What needs to be done: Both ends included, restate word for word the lines from the first line of the listing through the line containing "Three pairs of". Leave the pictures out.

Input data:
•••
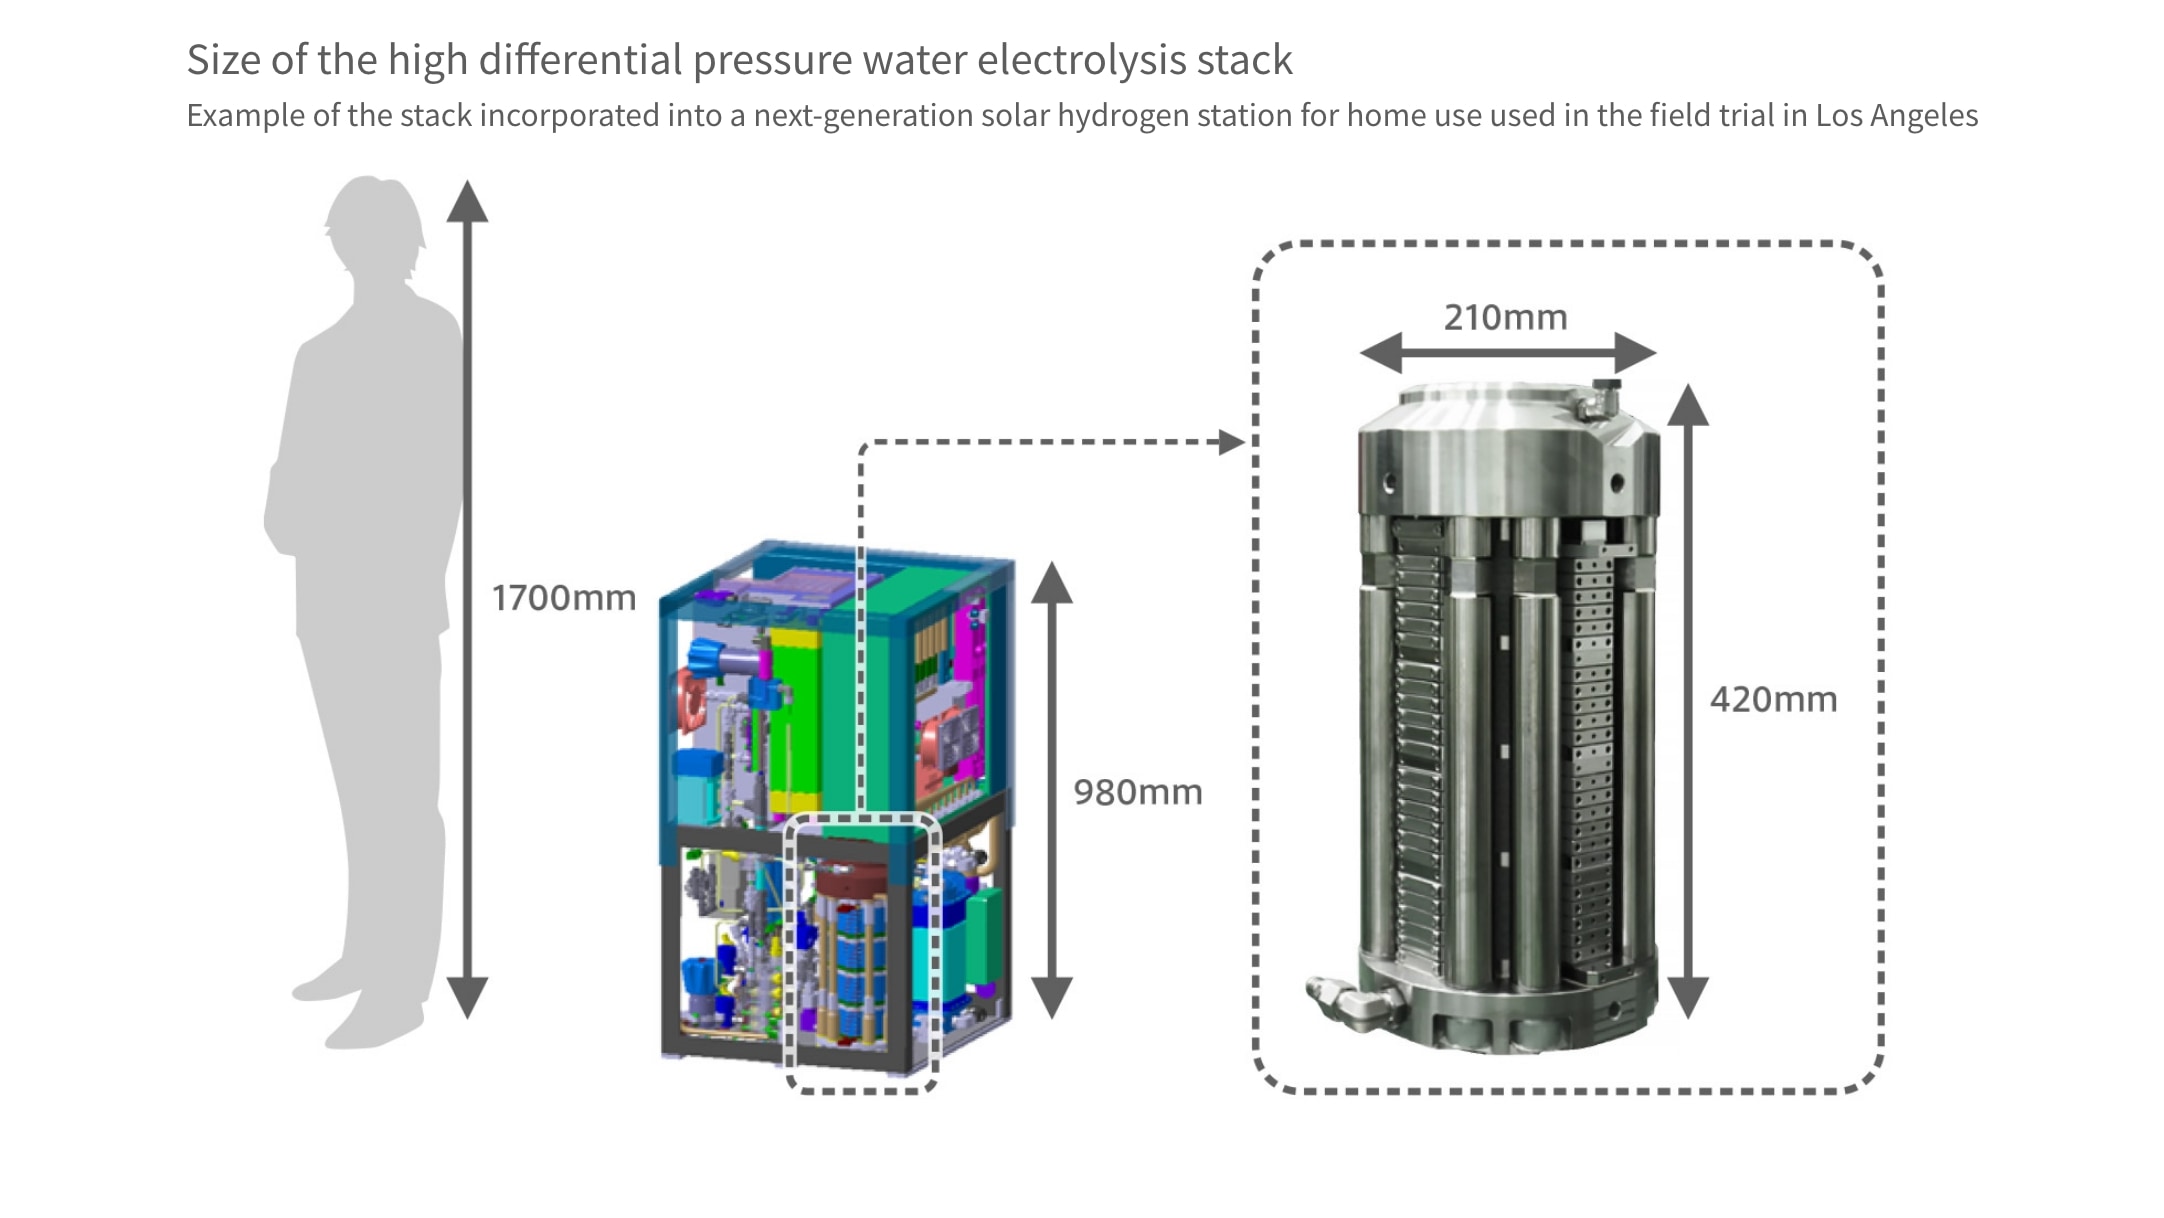 The high differential pressure water electrolysis system is only 980 mm tall. Mounted inside, the high differential pressure water electrolysis stack is a compact 420 mm tall and 210 mm wide.
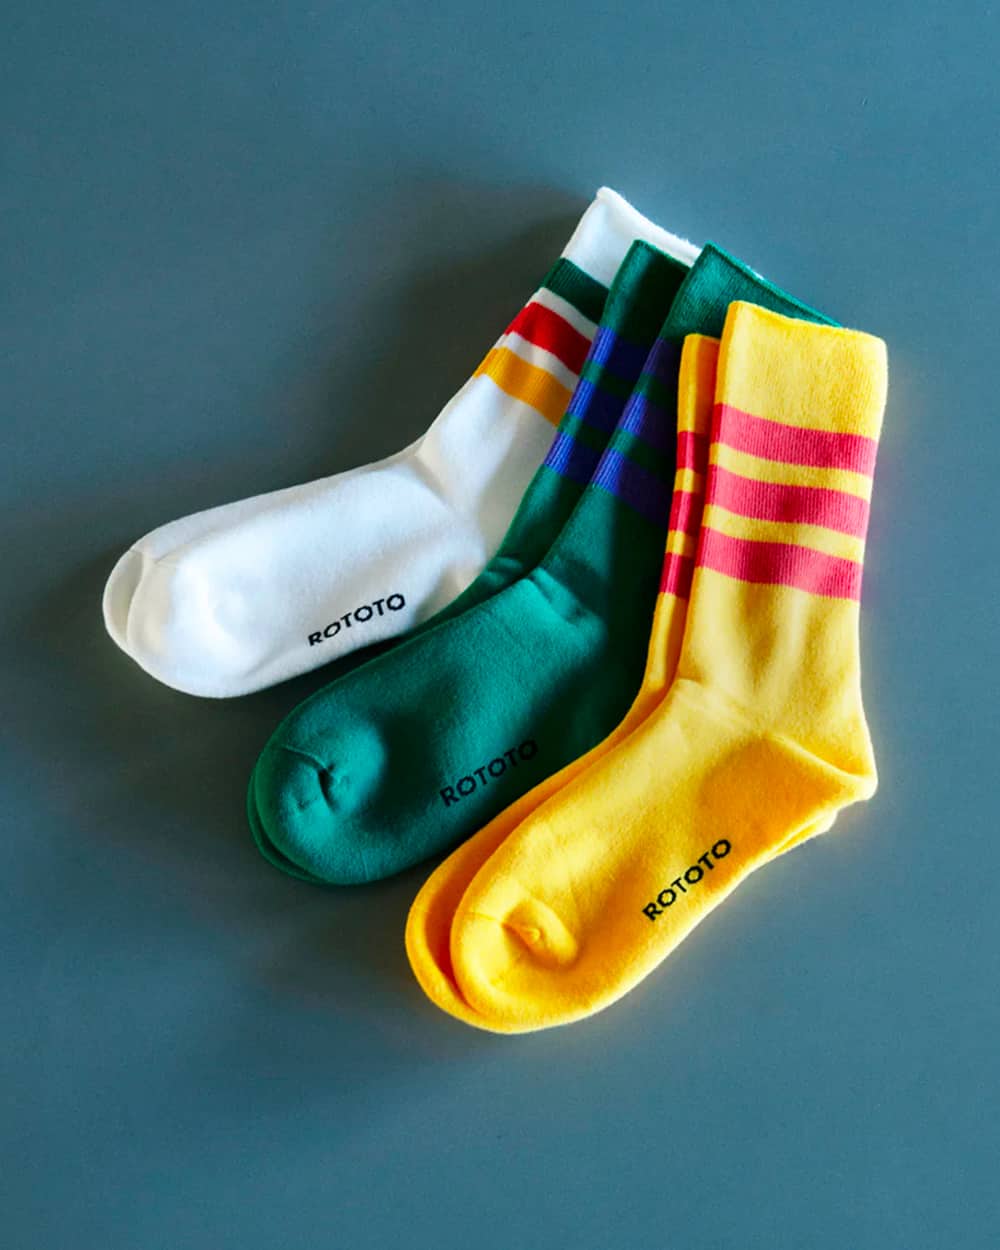 Three pairs of men's RoToTo striped socks in yellow, green and white
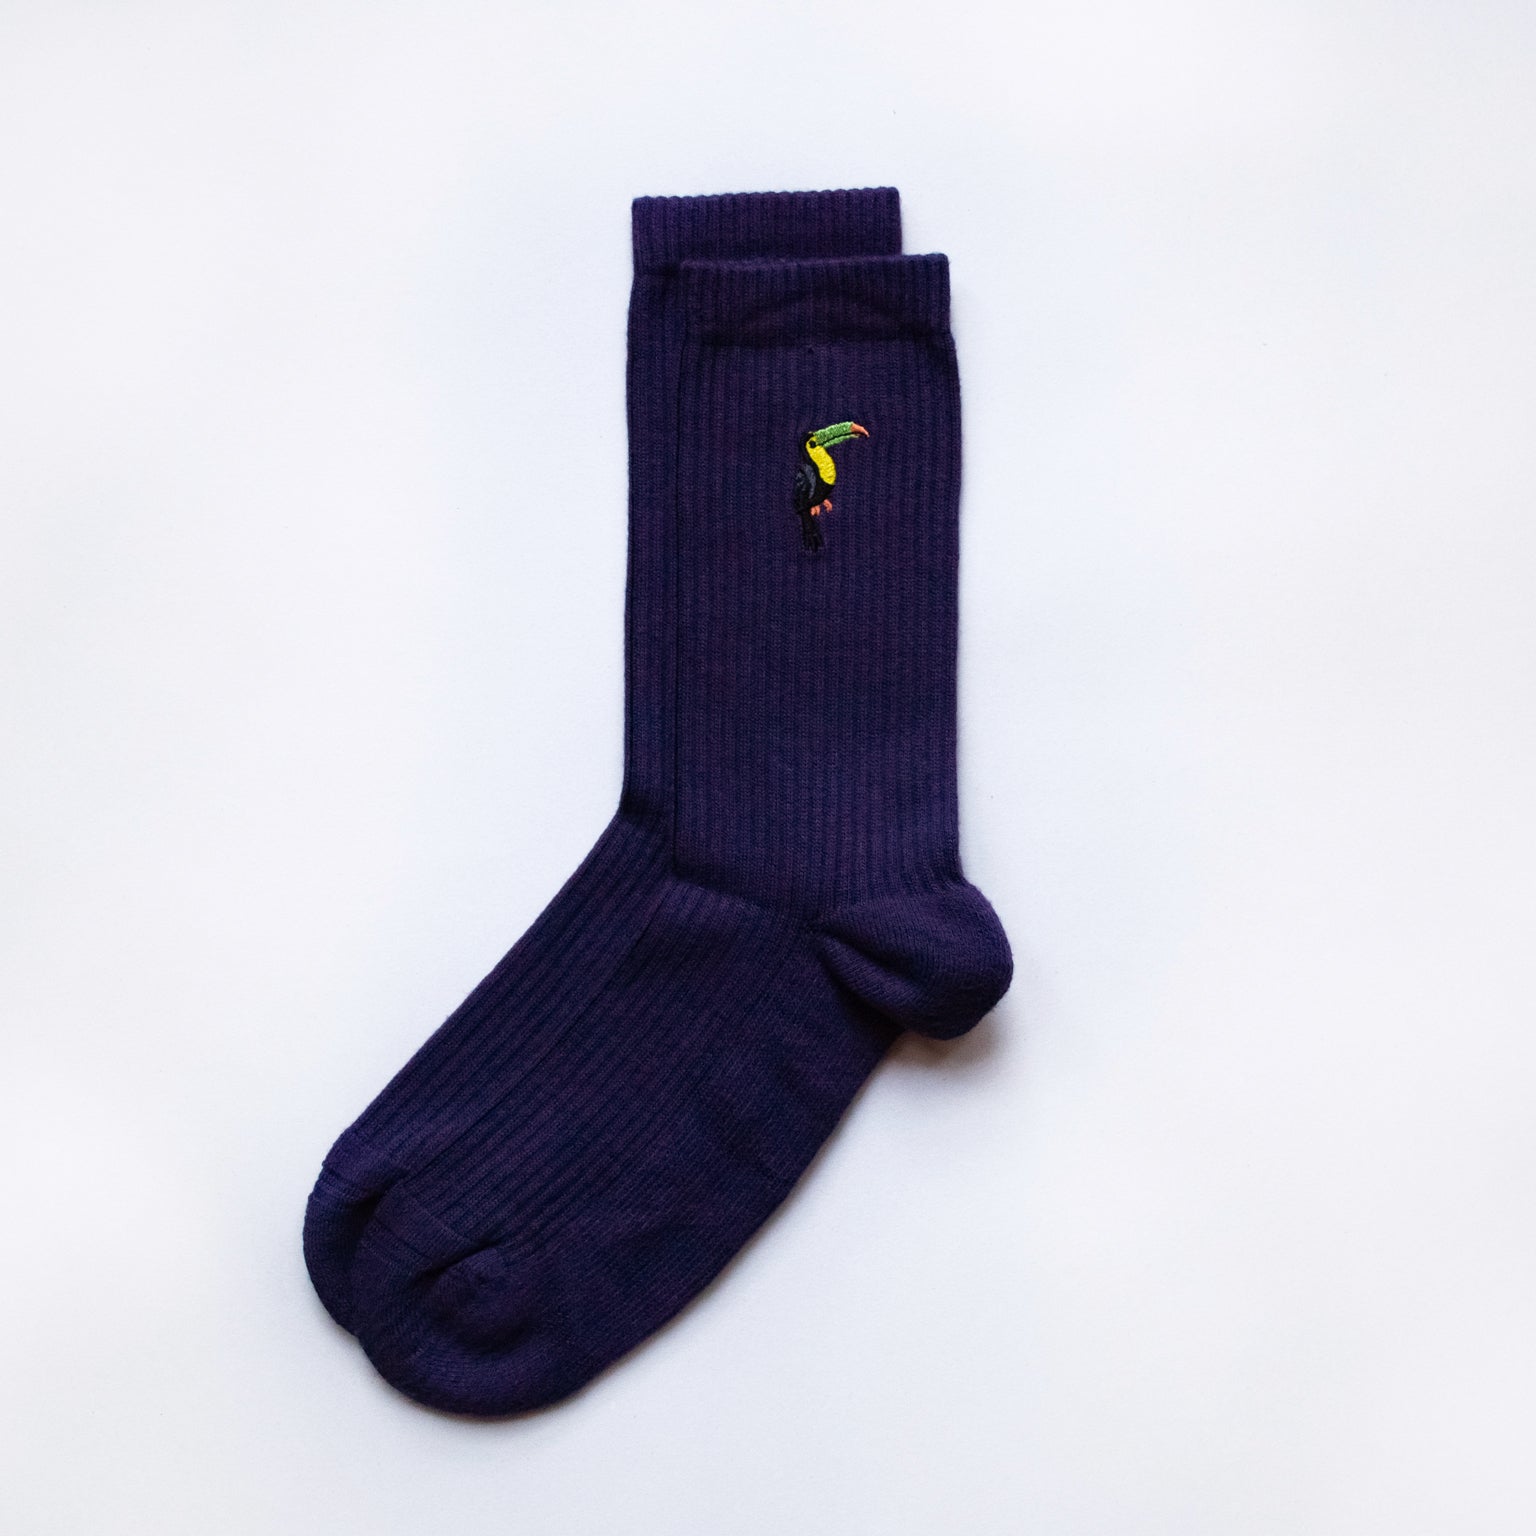 Ribbed Toucan Socks - Bare Kind Bamboo Socks - Save the Toucans
•••
Written response:
 The high differential pressure water electrolysis system is only 980 mm tall. Mounted inside, the high differential pressure water electrolysis stack is a compact 420 mm tall and 210 mm wide.
 Three pairs of men's RoToTo striped socks in yellow, green and white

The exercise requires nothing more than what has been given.